Check if you bought non- dimable variety of LEDS - they usually have this problem. Just buy the dimable ones and your problem will most likely be solved (same thing happened to me)

  1. It’s the first one in the circuit and uses all the available electricity itself.

  2. Incandescent bulbs use a lot electricity to glow. That’s why you never saw them glowing. Like answer #1, it uses up all the available electricity.

And a remote also needs electricity to work. The receiver on the ceiling fan requires some electricity to be on at all time.

So it’s a remote?

I am guessing the switch inside the fixture is not a mechanical relay but a solid state relay or solid state switch. In either case the switching element (e.g. triac, pair of SCRs, pair of MOSFETS) is never really “off”; it is high resistance when your turn off the lights. The voltage across each bulb is determined by a voltage divider comprised of the resistance of the switching element and the load resistance (i.e. the resistance of the three bulbs in parallel).

If each bulb is incandescent, the load resistance is very low, and the voltage across each bulb will be very low. You will not see them glow.

If one bulb is incandescent and the other two are LED, the load resistance is very low (it is “swamped out” by the one incandescent), and the voltage across each bulb will be very low. You will not see them glow.

If each bulb is LED, the load resistance is not low. I am not sure what it would be. But at low voltage levels, LED lights may have thousands of ohms (again, not sure). If all three LED lights were identical then each would glow dimly the same amount. In reality, though, they’re not identical. Which means the most sensitive or efficient light would glow the brightest.

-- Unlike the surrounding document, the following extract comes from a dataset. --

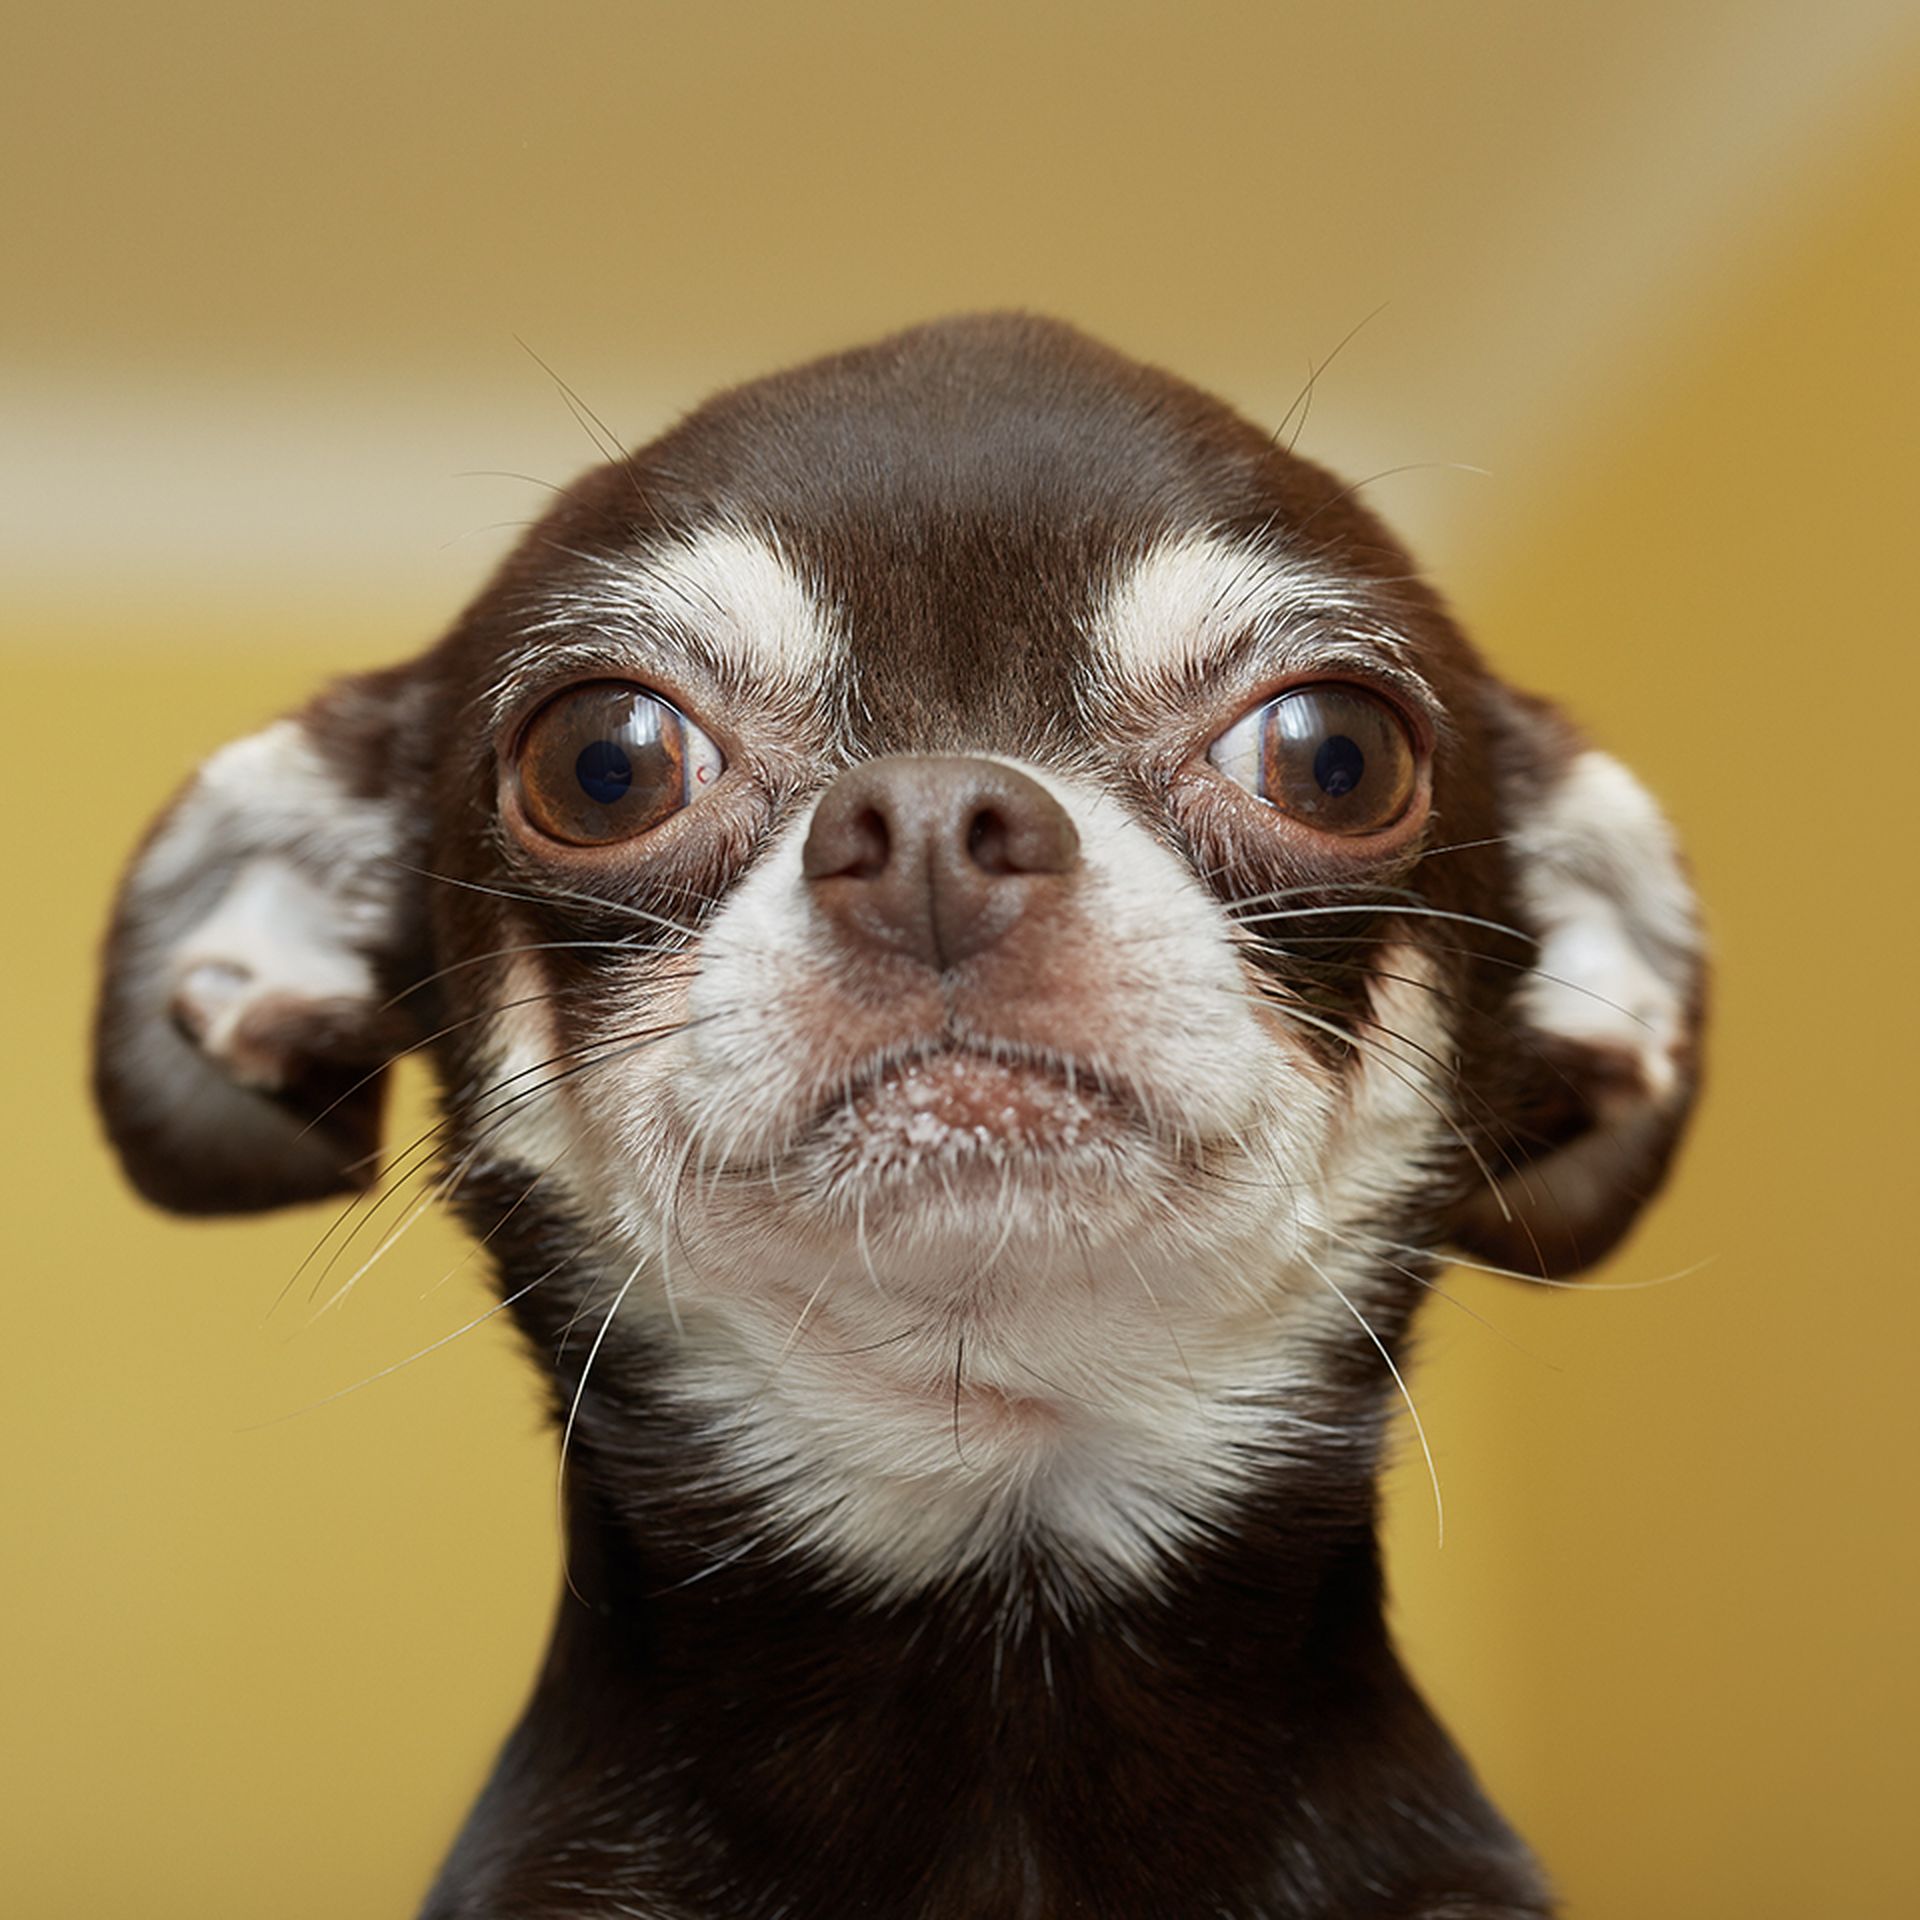 A close-up headshot of a calm chihuahua.

And again, the above is just a guess based on the information thus provided.

What is the remote controlling? The fixture or the LED bulbs directly?

The remote is a simple “universal” unit. It controls the fan, the direction of the fan, the speed of the fan, the “down” light and the “up” light (if it had one). No dimming capability.

LEDs run on a trickle of current, which means you can’t use them with most timers, dimmers, illuminated wall switches or remote control fixtures. Nearly all of those have a small trickle of sensor or leakage current that will keep all or some bulbs powered enough to light.

(What irks me is that even the relay-type X-10 control modules have this leakage… why, I am not entirely sure.)

I made our dining room fixture work by using 4 LED bulbs and one incandescent. The indy pulls just enough current to shut down the others. It means the light draws somewhat more power than if it were all LED, but OTOH I didn’t have to replace an expensive remote dimmer with a doubly expensive, non-remote, LED-compatible one.